Moneybox

On Aluminum, Banks Have Finally Made Enemies With Real Clout

The champagne of beers

Photo by Scott Olson/Getty Images

I’m watching the livestream of the Senate Banking Committee’s hearings on the subject of bank ownership of physical commodities industries with a specific focus on the aluminum issue the New York Times raised. The thing that jumps right out at you is that up on the dais you have Timothy Weiner, global risk manager for MillerCoors LLC, talking about how he would never question the free market but the banks are out of control in this instance.

That’s a crucial issue, because even though you have a lot of talk about “Wall Street versus Main Street” there’s really been very little sector-versus-sector lobbying in the bank regulation debate. But that’s crucial.
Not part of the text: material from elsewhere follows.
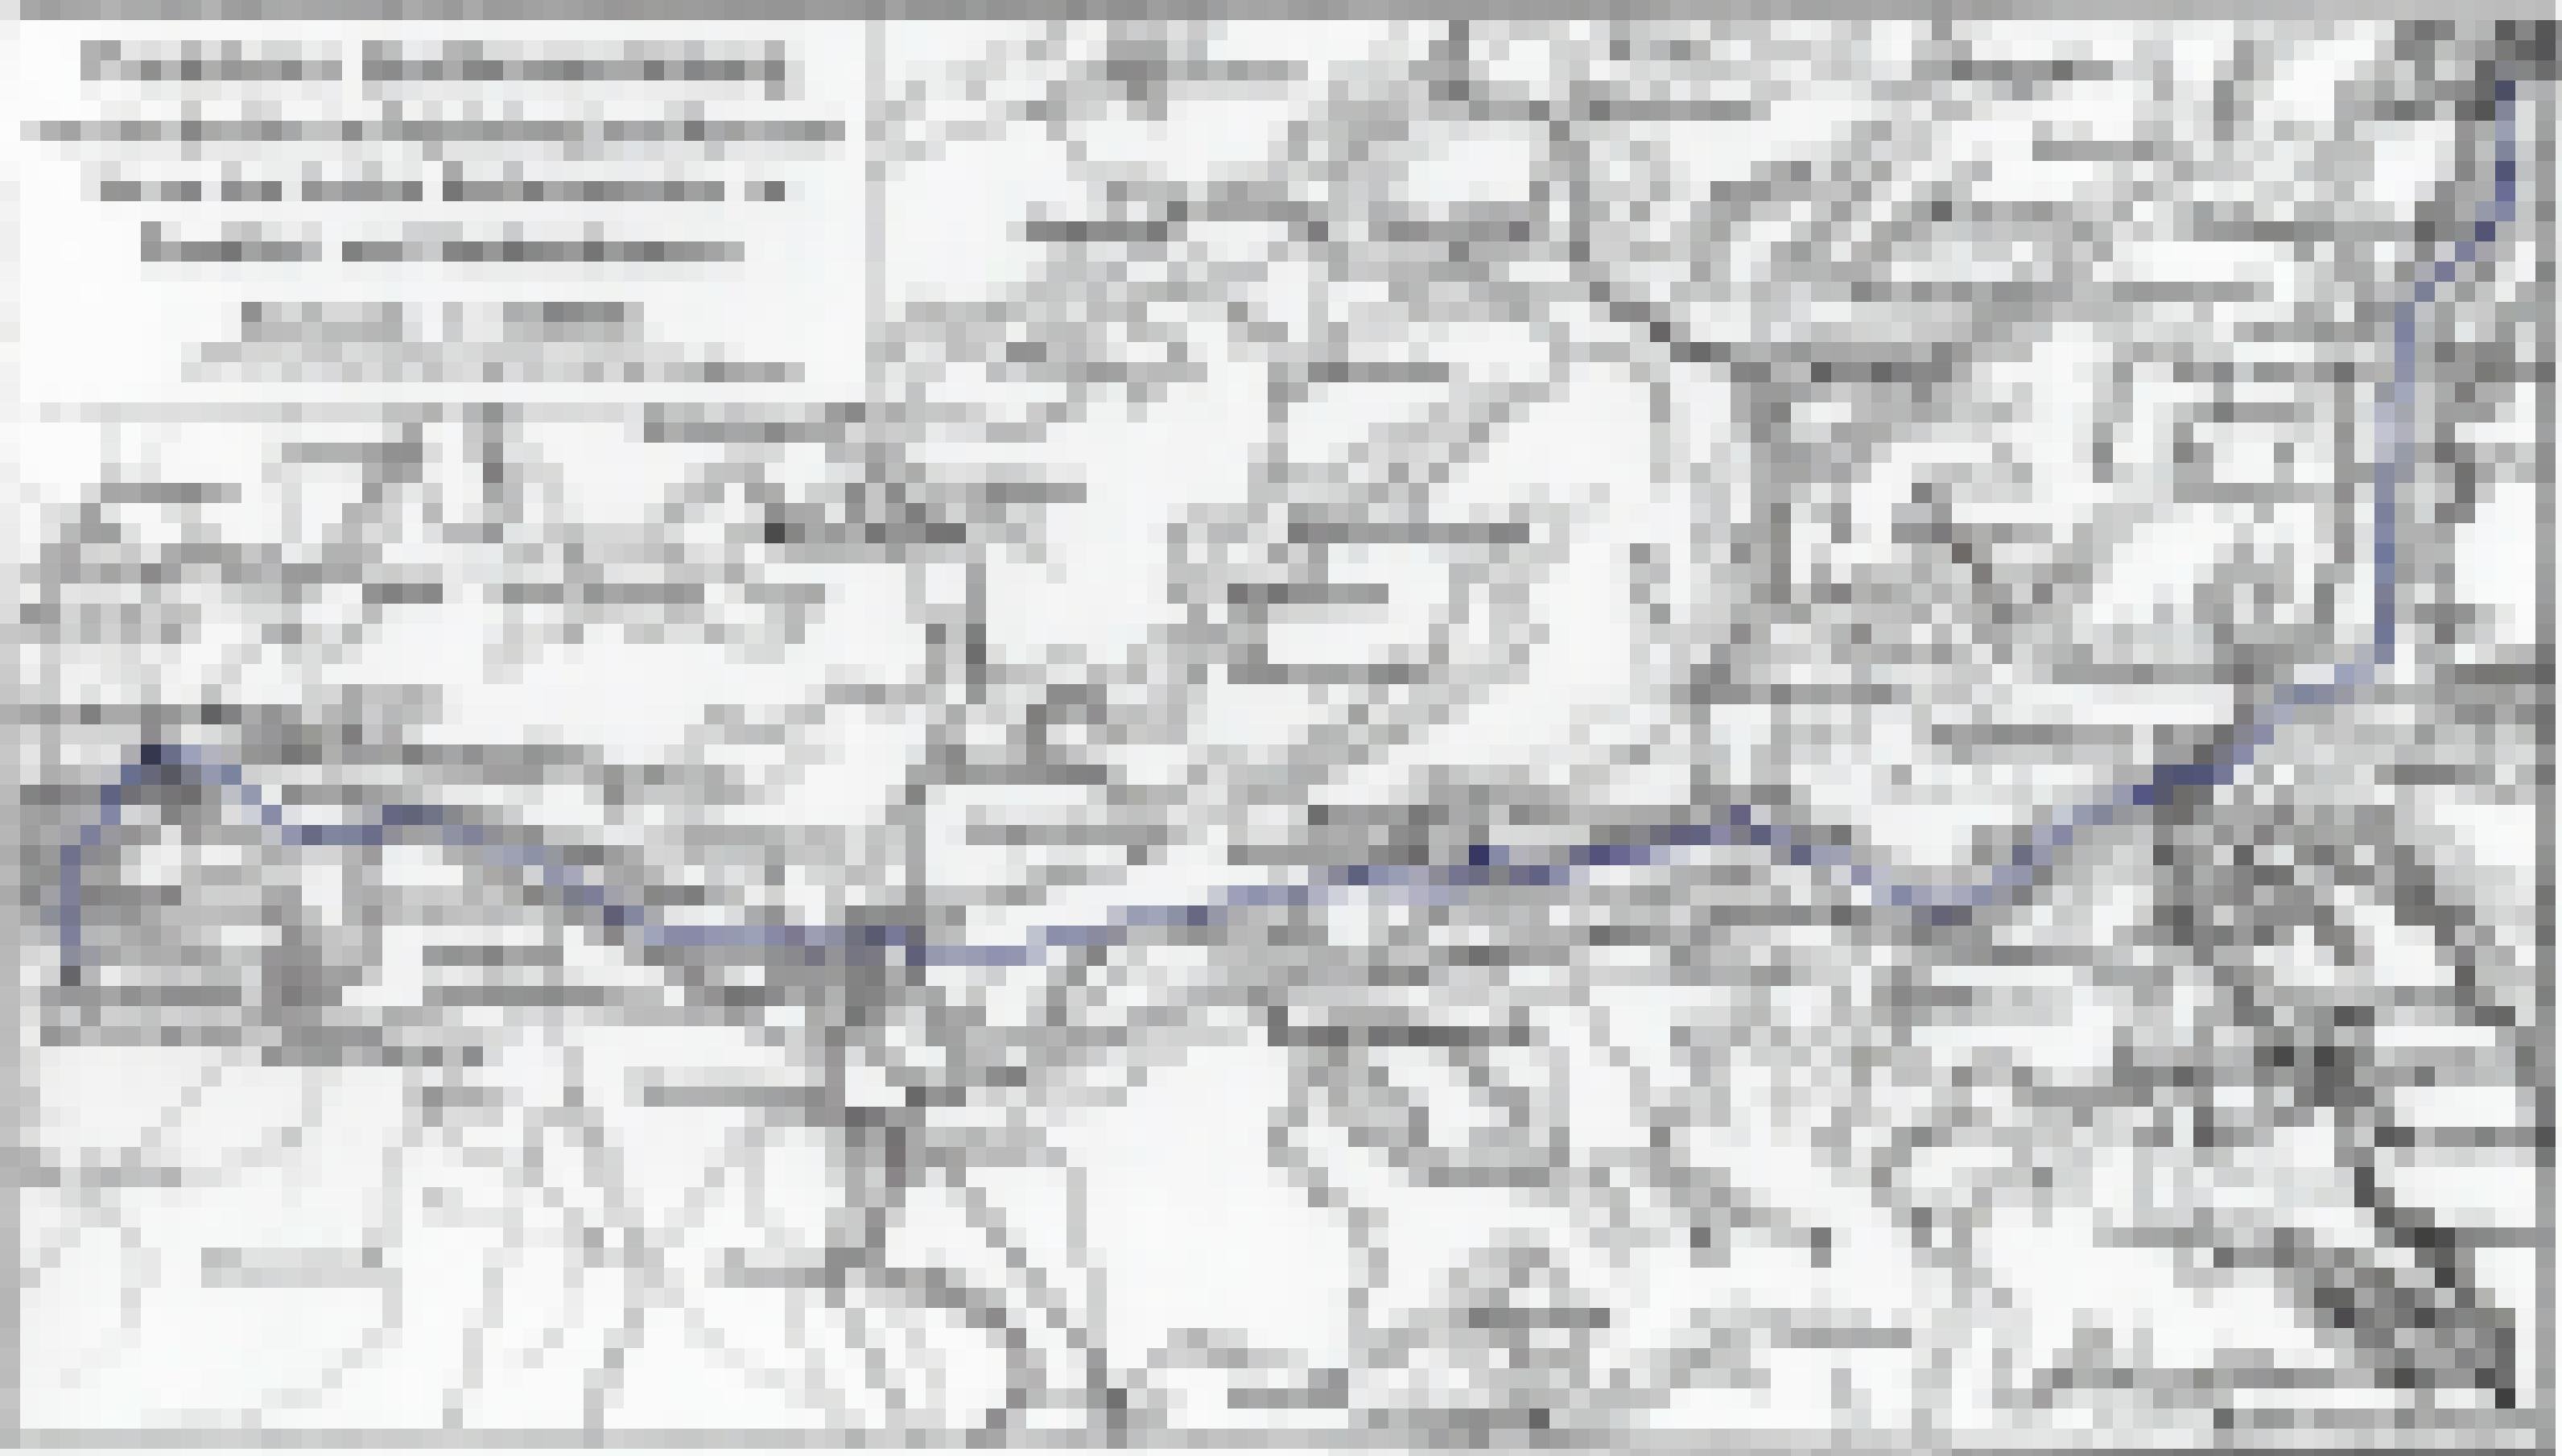 Hostorsiche Karte von 1909 zeigt den Verlauf der Wasserleitung aus Vogelsberg und Spessart nach Frankfurt.

Given issues of regulatory capture and the inevitable waning of public attention, the country is going to have adequate supervision of the financial sector on a sustained basis if and only if other elements of the business community want to see banking crises avoided in the future. The key thing here is that while Goldman Sachs is a big company with political clout in the United States, so is MillerCoors. So is Coca-Cola. So are PepsiCo and the Dr Pepper Snapple Group. So is General Motors. When you get a situation where large industrial firms want the federal government to do something that banks don’t want it to do, then the odds of the banks losing get pretty good. You saw something similar in the debit card swipe fee debate where Wal-Mart, Home Depot, and other major retailers were able to beat the banking lobby.

It’s really easy for just about any industry group to win a fight in Congress where then there’s no major pressure on the other side. But when it becomes industry versus industry, the outcome is really up for grabs. And even though the banks have a ton of money, these lobbying fights aren’t won by the side with more money to spend as long as both sides have enough money to get their pet priorities on the agenda. If anything, banks are in a somewhat weakened state post-crisis (and deservedly so) so they find themselves at a rhetorical disadvantage whenever a nonbank sector wants to intervene in a major way.